Your general sense of purpose in your life will also keep you going in this period. Whatever it is that is most important to you – whether it be spending time with family, writing, being fit and healthy, making films, being charitable – find a way to work towards it even during this time. You might simply need to be just a little bit more creative. Our combined desire as a community to continue to support the wellbeing of young people was the driving force behind establishing the Wellbeing Hive – which emerged during our last lockdown. So new ways of thinking could actually provide you with new possibilities as well.
Embracing the Five Habits of the Wellbeing Hive
I also recently wrote about a difficult day where I realized just how helpful the five daily habits can be in maintaining balance and wellbeing. You can access this article here.
Ultimately this was a moment where I really realized the power of good habits and their role in feeling in control and balanced. These are all things we will need in the next few weeks.
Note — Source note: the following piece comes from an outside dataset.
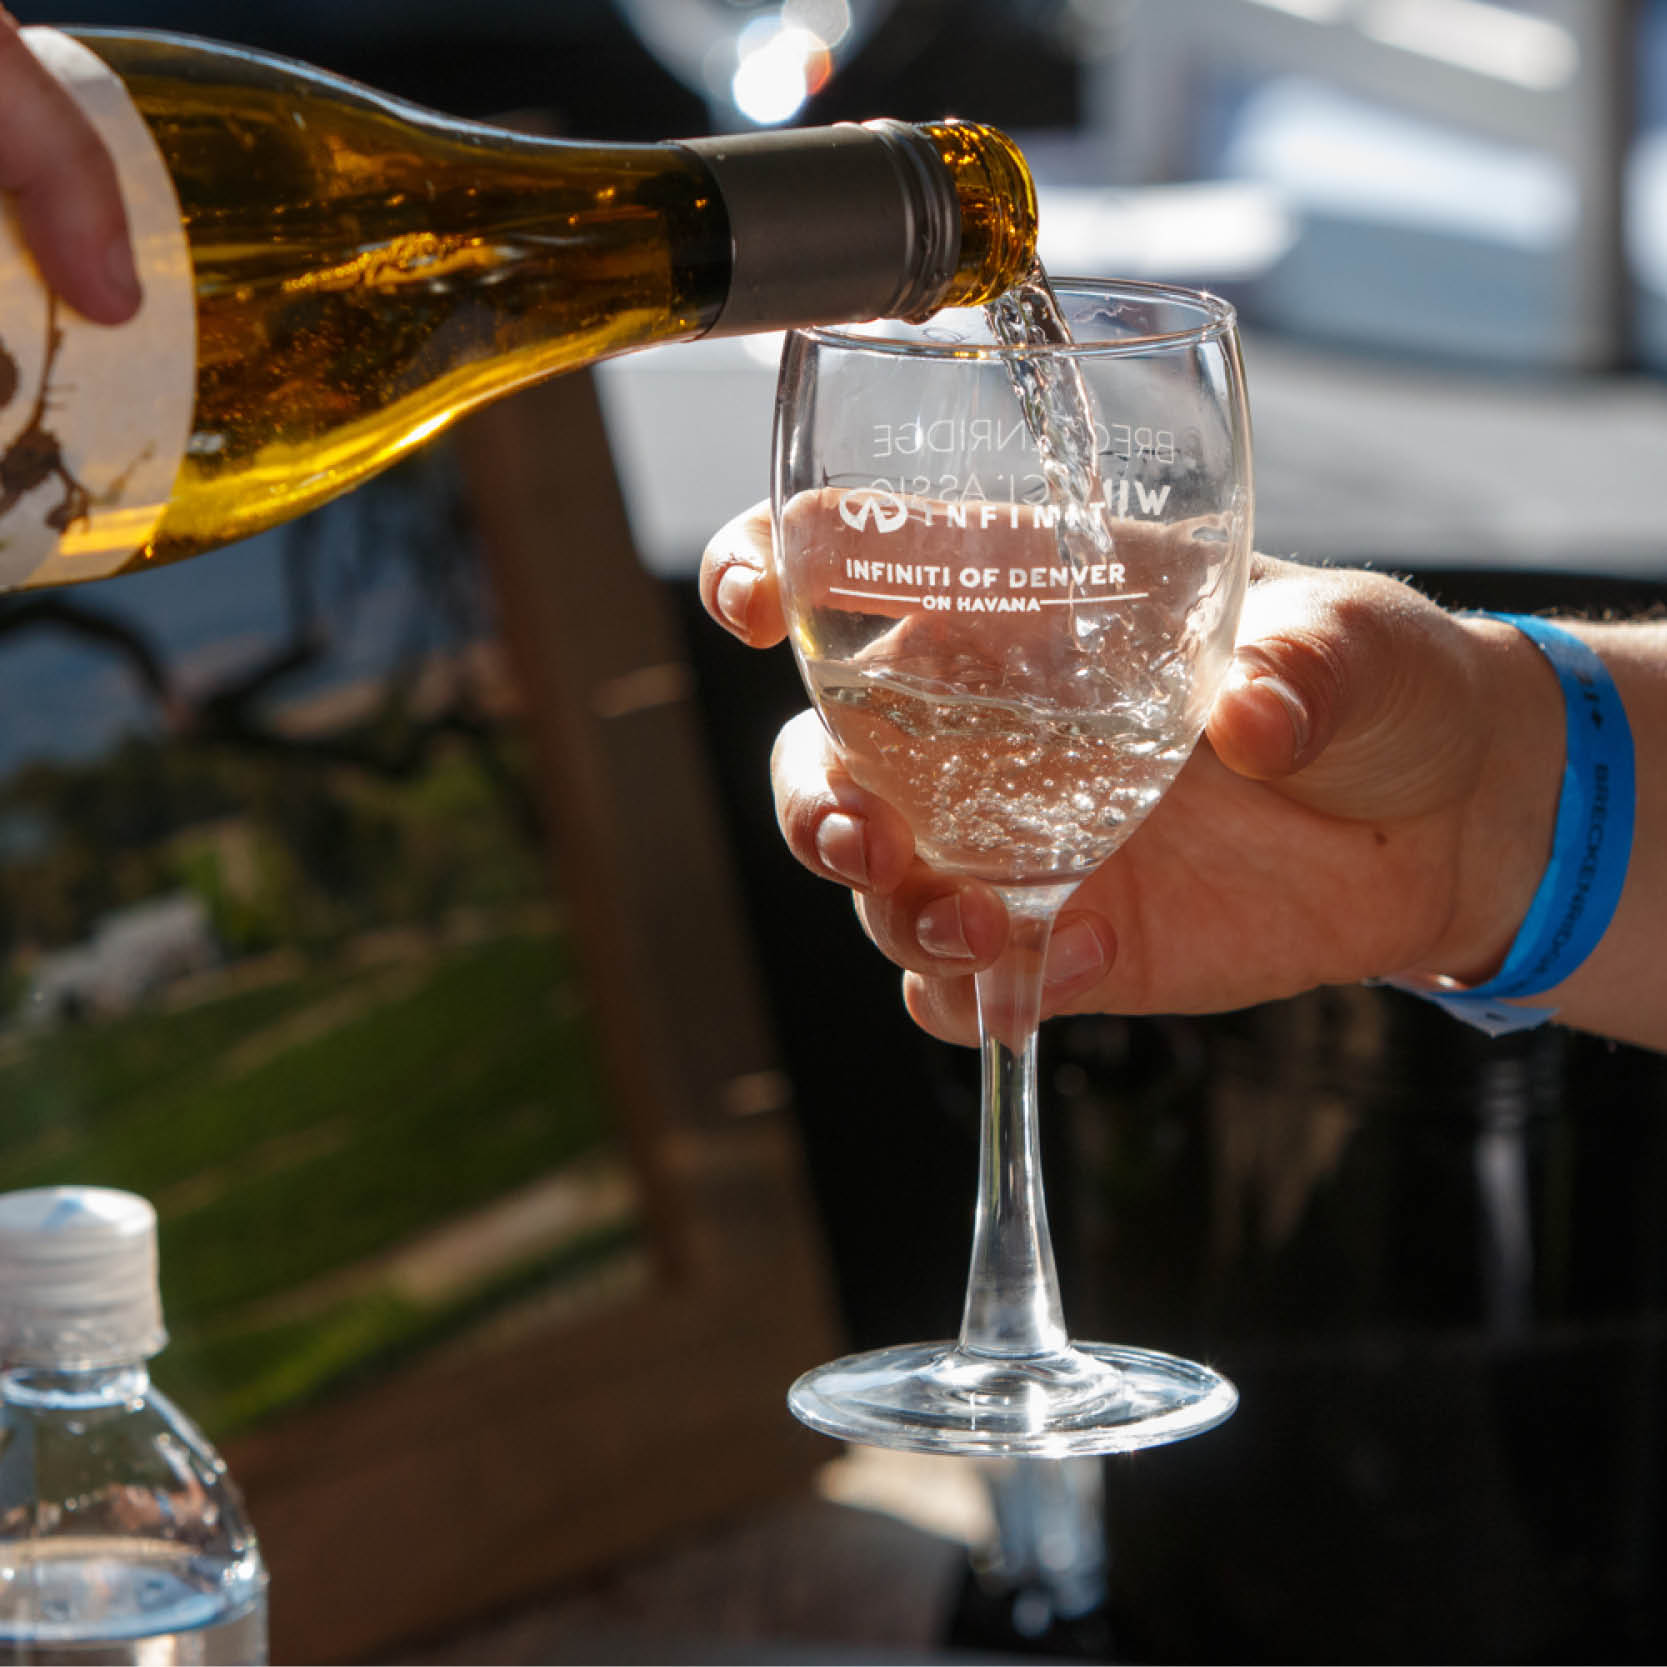 Tasting wine at Vail Wine Classic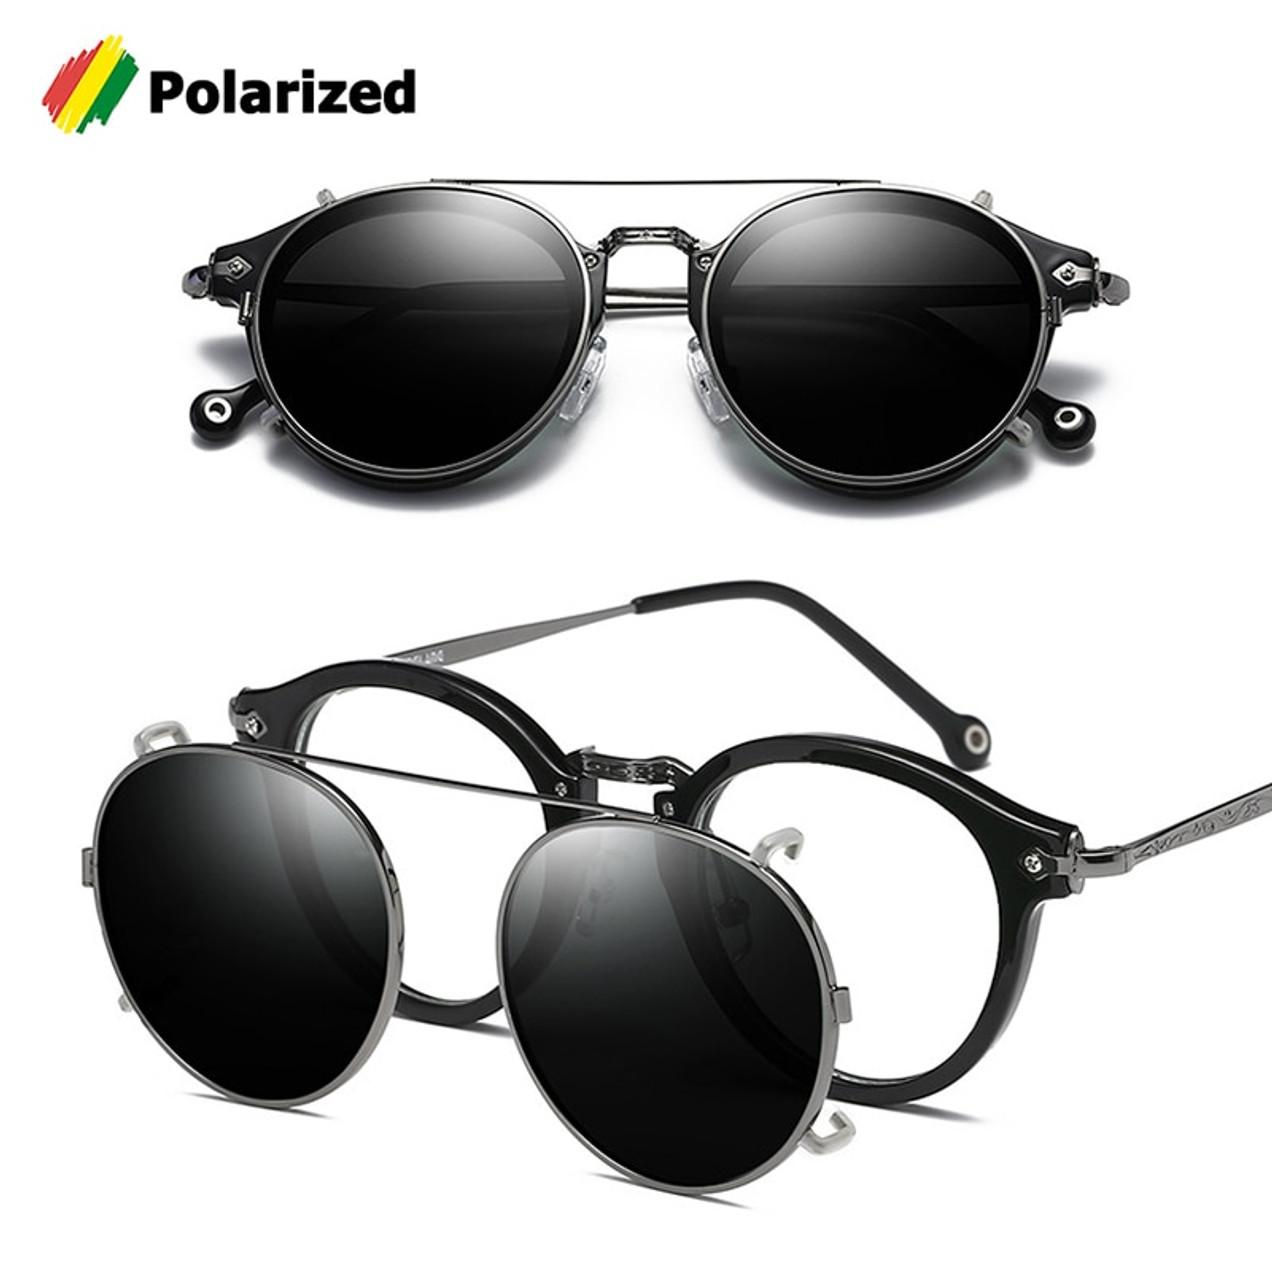 c1ad9d5d22 JackJad SteamPunk Vintage Round Style Polarized Sunglasses Clip On Lens  Removable Brand Designer Sun Glasses Oculos ...

So keep in mind the recommendation to make time in your day for each of the habits. To CONNECT with those we care about. To get fresh air and EXERCISE, which is great for mind and body. To be MINDFUL in whatever way works for us – meditation, gratitude, quiet time, music etc. To embrace being CREATIVE – to feel like we achieve something and tap into those motivating creative juices. And finally, to READ – remember books will make those four walls fall away and allow you to take a trip to Hogwarts, to Narnia, to colonial America and so much more.
Be conscious of things that work and take control of the next few weeks right now – and in doing so we will move with more grace, more gratitude and more love through this return to Stage 3.